In theory, of course. But human nature, perhaps inevitably, involves covetousness and greed. However, is there any other basis to the concern over "inequality"? Assuming those things are sinful, is there any morally legitimate basis to the issue?
Imagine a child who has a toy, but he thinks that some other toy another kid has is better than his own. Rather that tolerate such a situation, the child would sooner have both of the toys broken. Is this not the equivalent of the marxists and the "inequality" folks?
Imagine a young guy with a car, and another young guy with a better car. Who’s got the better chance of a date with the hot girl ?
Positional goods are a thing because people value position, or status.
The lust for status though often unconscious is certainly not irrational. Try to find a species of social animal in which status is not important. For obvious reasons.
"Imagine a young guy with a car, and another young guy with a better car. Who’s got the better chance of a date with the hot girl ?"
Not enough information. How tall are these guys?
Before or after the richer one puts on his snazzy platform boots, and gets himself a $300 Magnus Carlsen "extra three inches on top" haircut ?
Incidentally tall is not merely genetic it's also nutrition. Not that relevant in the modern US of A, but until pretty recently, and still in some other places, tall is related to material well-being. Tall is a positional good - though only somewhat purchaseable.

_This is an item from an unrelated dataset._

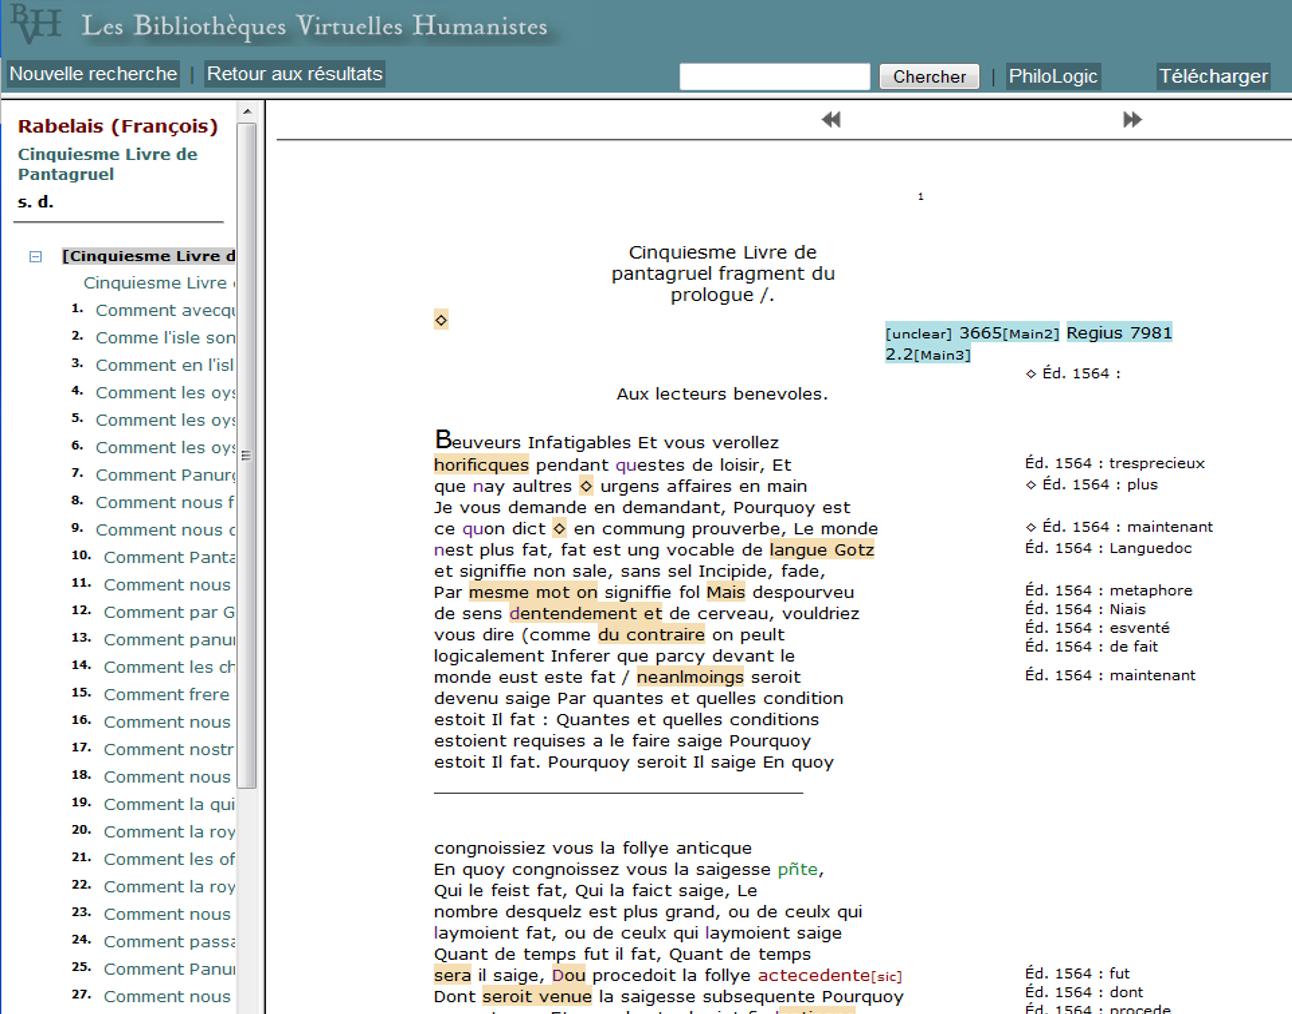 Prévisualisation du texte en cours d'encodage

Not disagreeing with your thesis, but I'd rather be the guy with the junker. It serves to screen out airheads I'd rather not spend time getting to know.
Phew ! For a minute there I thought you were going for a big Prussian guy with a giant moustache.
But yeah, humans are an unusual species - it's not just the gals who can be picky.
Inequality is of course inevitable in any economic system, not capitalism alone. The concern people must have is the question of are there limits to the acceptance of inequality? The most stable societies have the majority of their population in the middleclass and have a diamond distribution. That is a small percentage of richest, a small percentage of the poorest, and a large percentage in the middle class. Ideally people should work to make themselves wealthy, but having achieved this they should stop and pursue other interests.